But there wasn't any help for it, and he went at it.
The old rooster came along pretty soon. Ned knew he never did any harm, as he was too well-behaved a bird to scratch in the garden, but he wanted to vent his spite on something, so he up with a big stone and shied it at the rooster's head, not once thinking that it would hit him. But it did, and with one shrill squawk the fowl gave a leap into the air, kicked about wildly, and fell dead.
Ned was frightened. What would his father say? He had been very careful of the rooster, because he came of a choice breed. What should he do with him? While he was debating the question with himself, who should come along but his mother.
"Why, Ned!" exclaimed she, seeing the poor old rooster lying there, with one claw stretched up pathetically, as if to call a sympathetic attention to his tragic fate. "How did this happen?"
"Well, you see," began Ned, at a loss for an explanation, "he came along, and I thought maybe he'd go scratching, and I shoed him, but he wouldn't go off. Then I threw a stone that way, and it must have hit him, 'cause——"

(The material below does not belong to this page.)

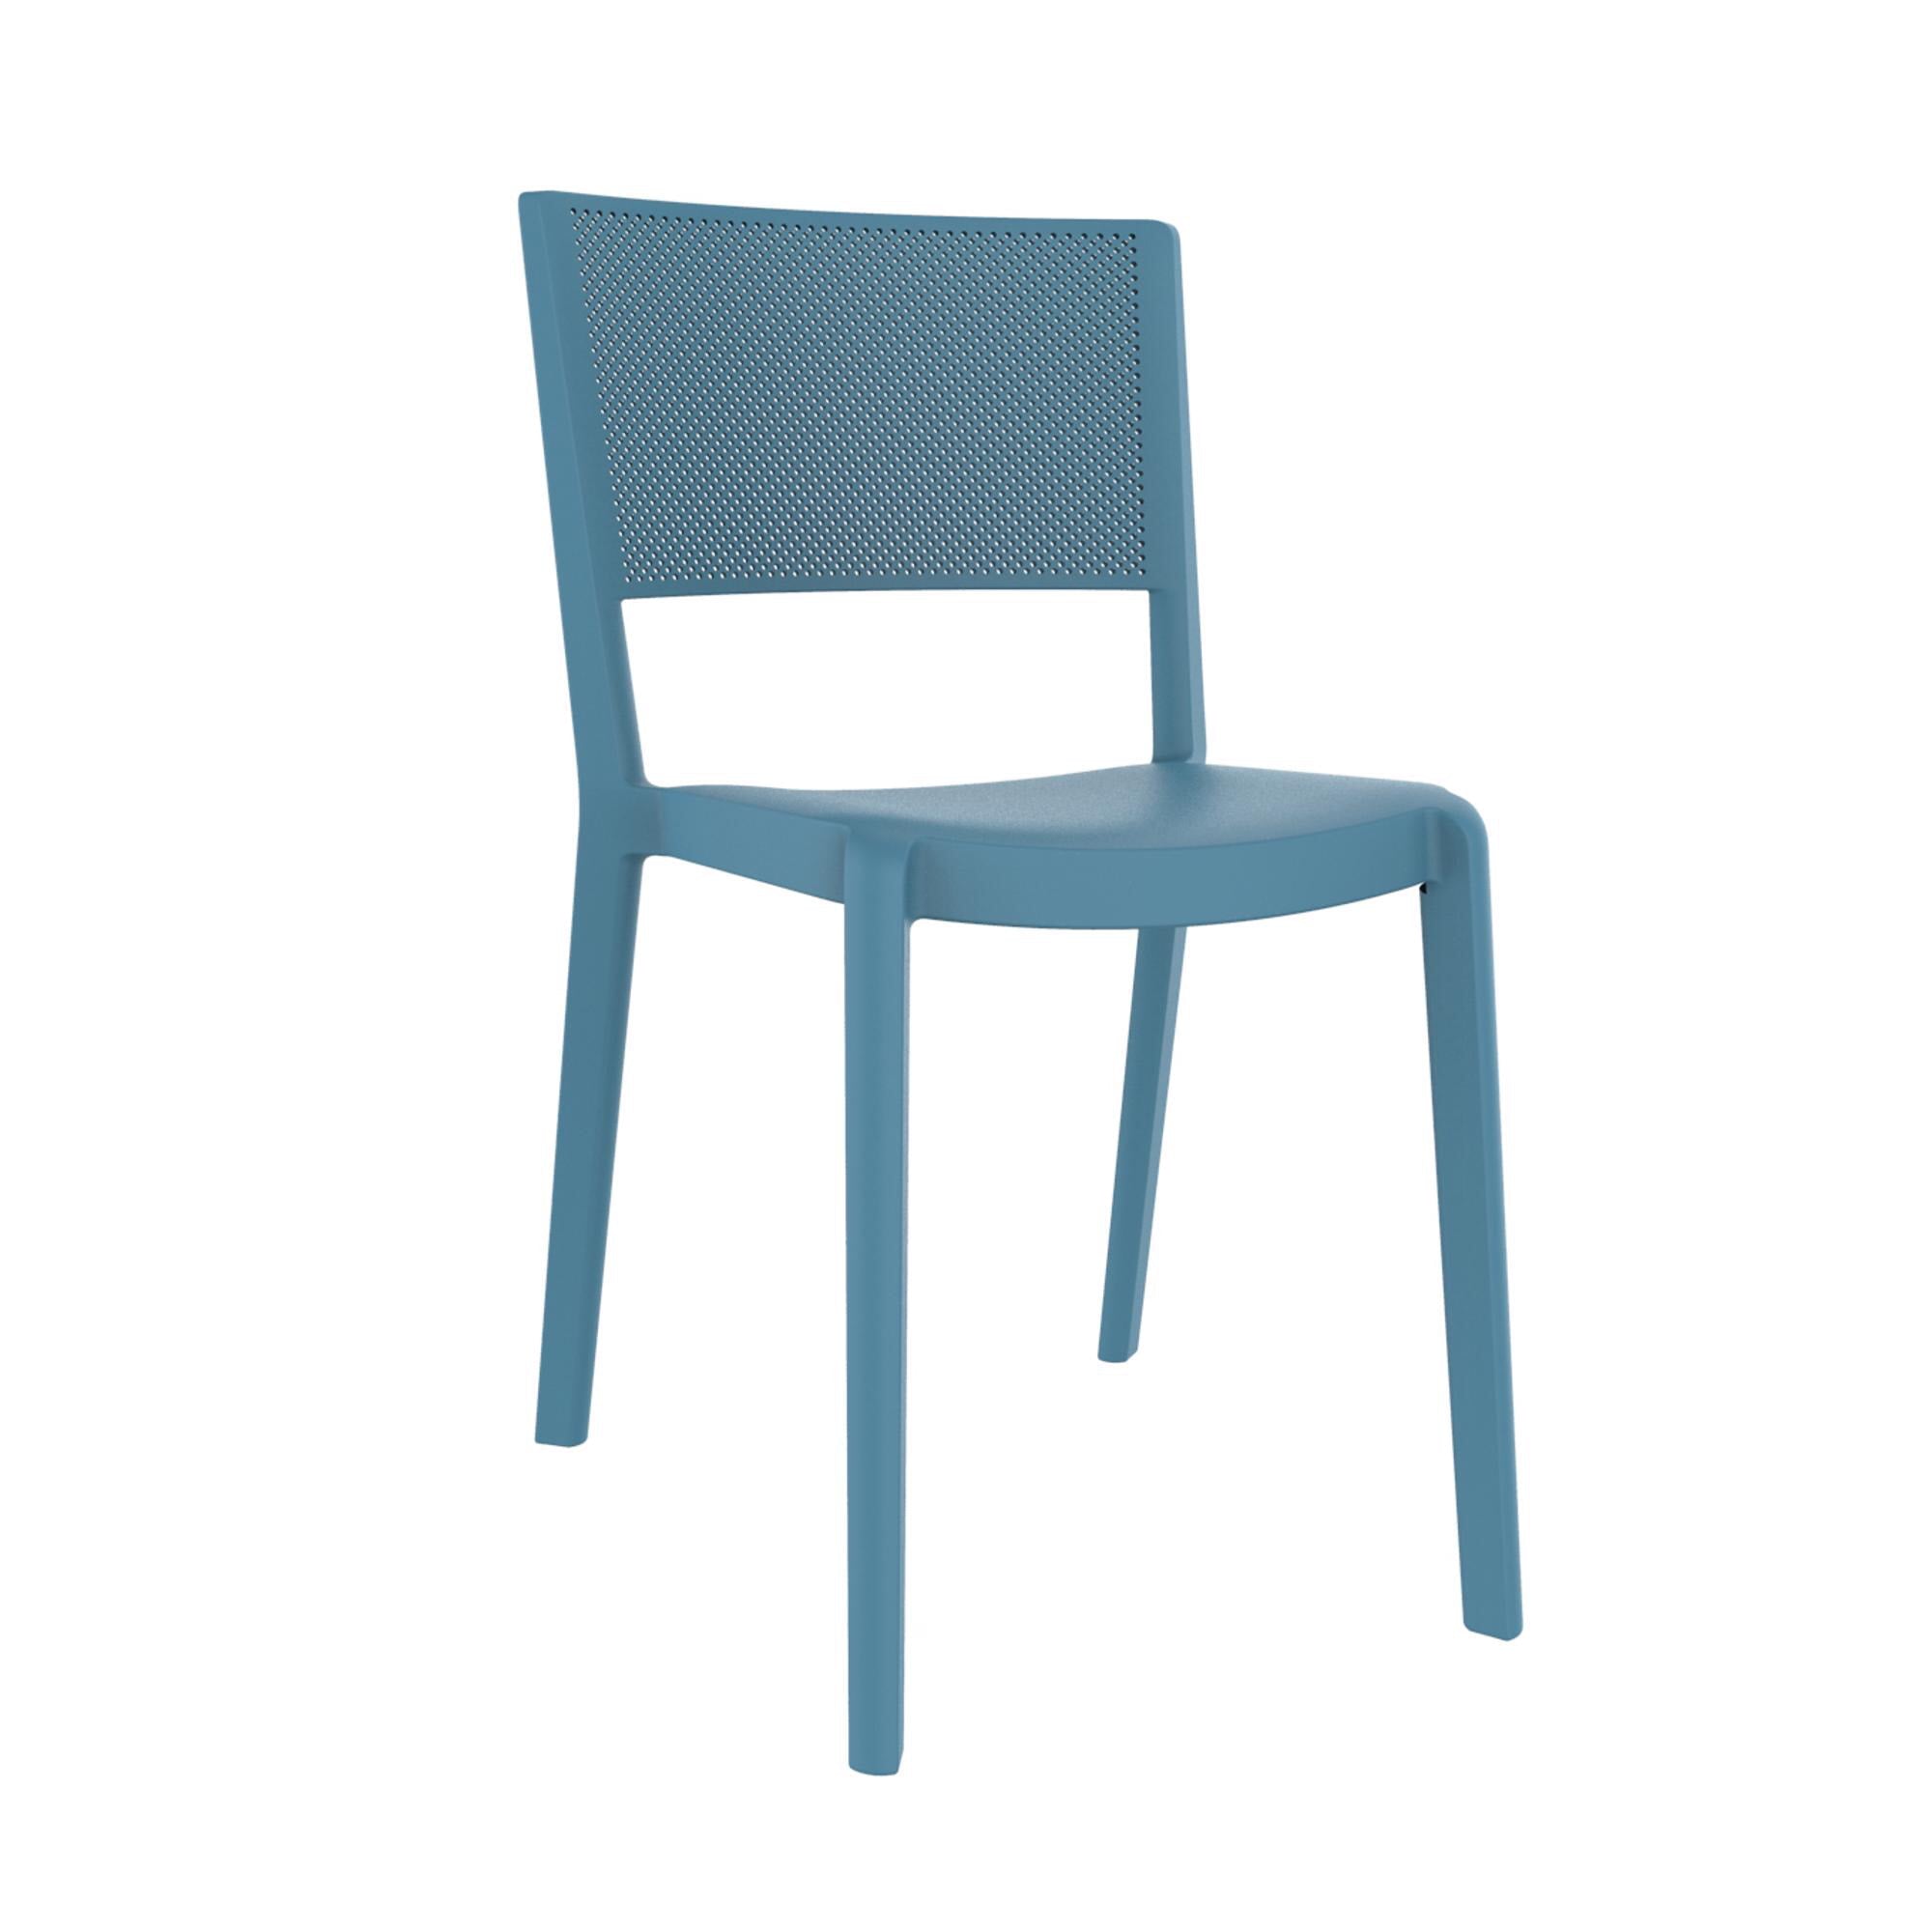 Resol spot chair inside, retro blue outside

"You weren't afraid he would scratch, because he never did that," said Ned's mother severely. "I am very sorry to see you in such a bad temper to-day. Go right up to the garret and stay there till your father comes home. I don't know what he will say when he knows of this."
Ned took himself off to the garret, congratulating himself that that wasn't quite as bad as weeding onions. But he was terribly troubled about what his father would say. He couldn't get that out of his mind.

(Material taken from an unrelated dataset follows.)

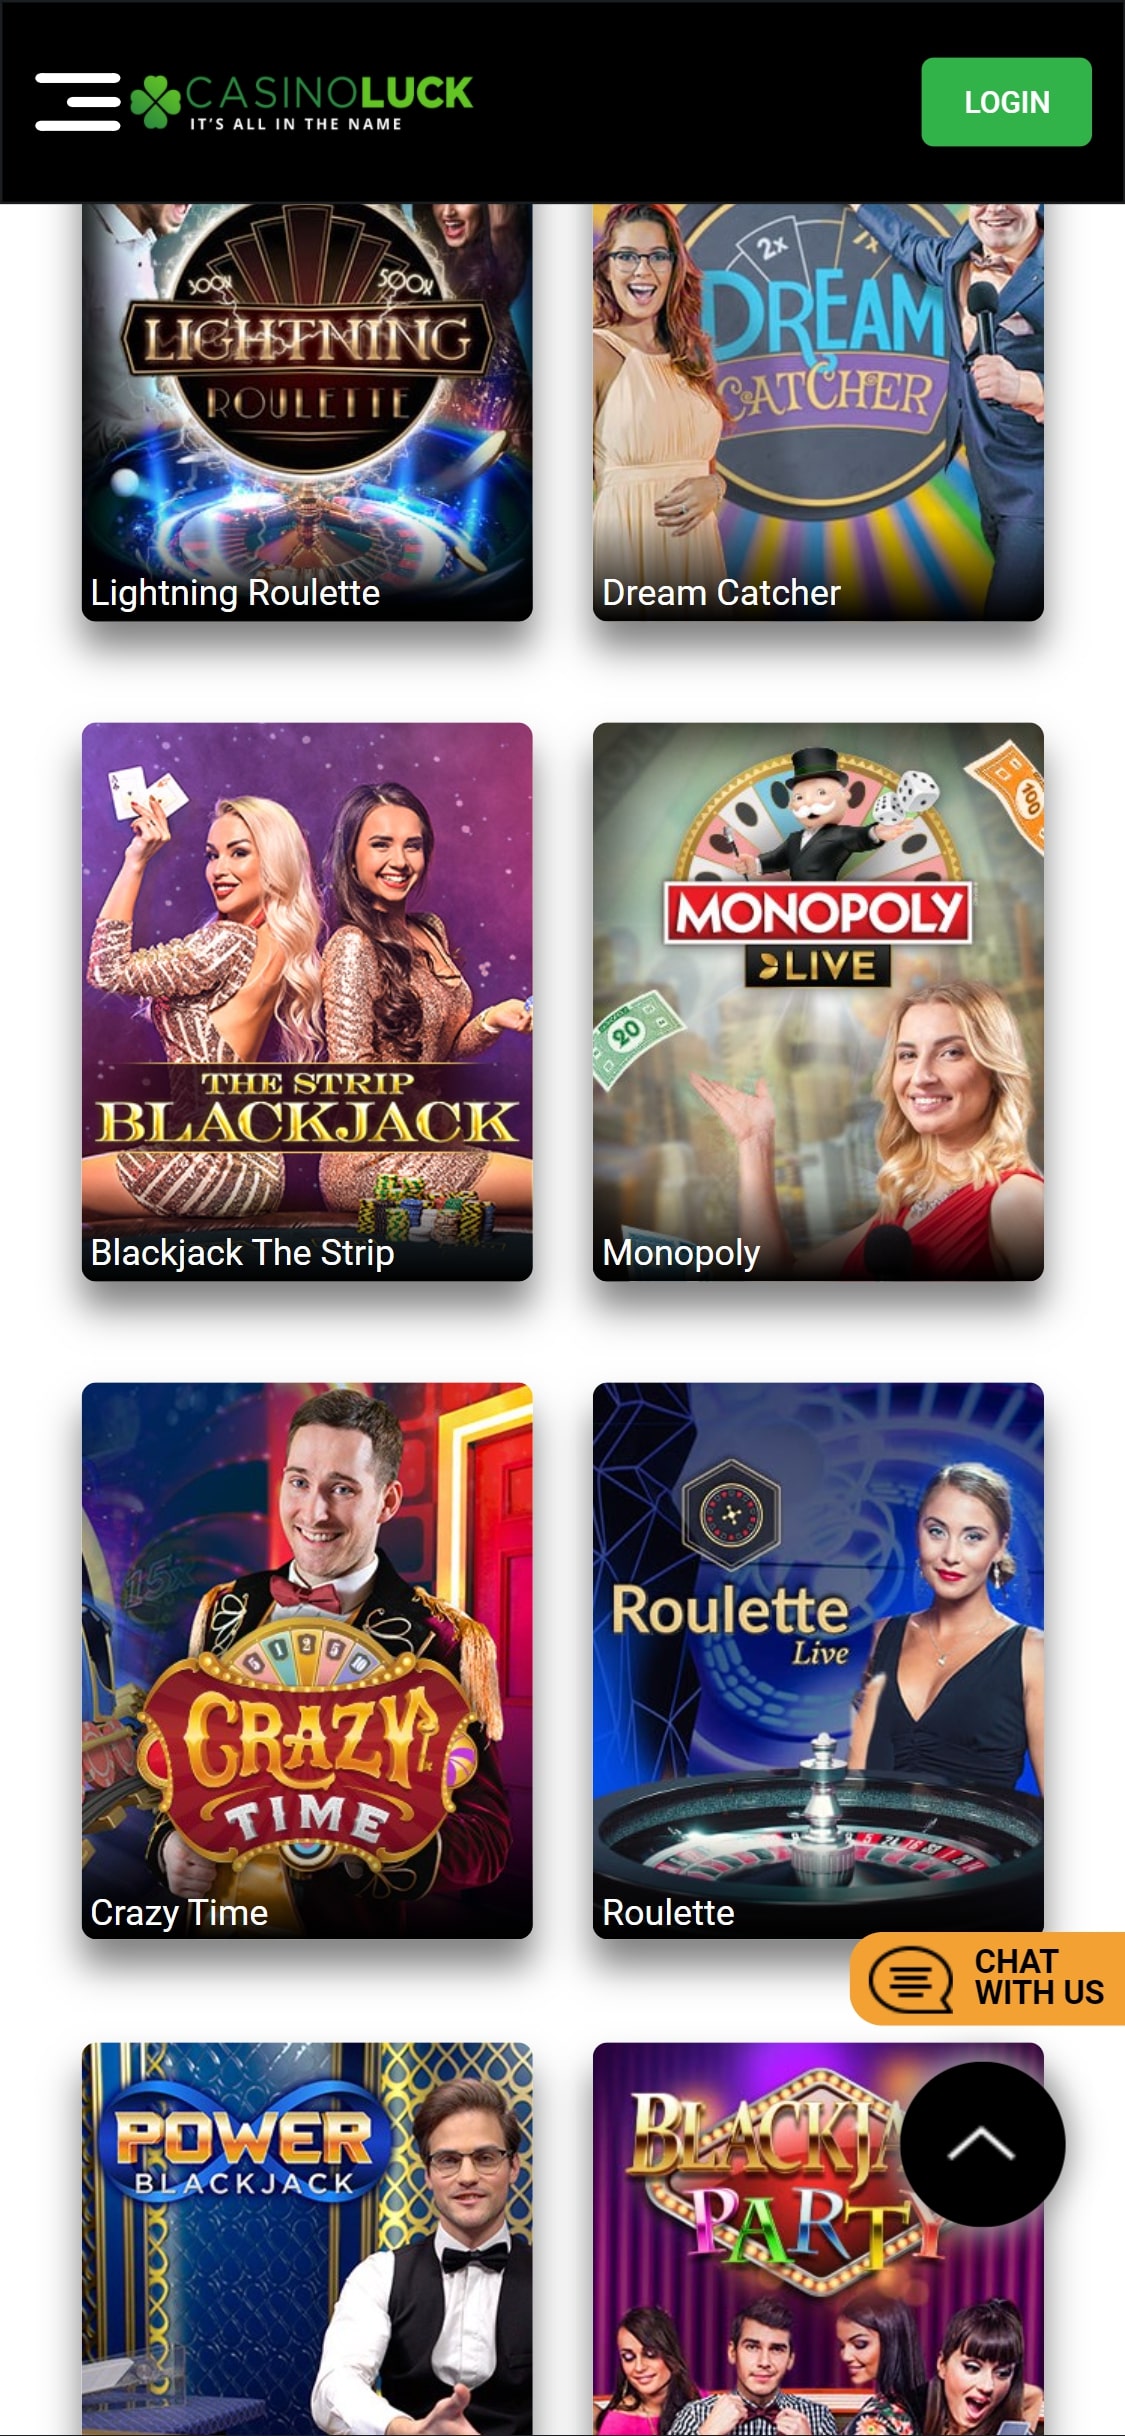 CasinoLuck Mobile Live Dealer Games Review

By and by he heard some one coming up the garret stairs. It sounded like Bridget's steps. A pan stood near by, which had been placed under a leak in the roof, and was full of water. Before he stopped to think what the consequence might be—he felt so ugly that he didn't care much—Ned seized the pan full of water, and just as a head made its appearance in the shadowy depths of the garret stairway he let fly pan and all in that direction.
There was an awful spluttering, as if the water had taken the visitor fairly in the face.
Ned turned pale. It wasn't Bridget, after all, but his father.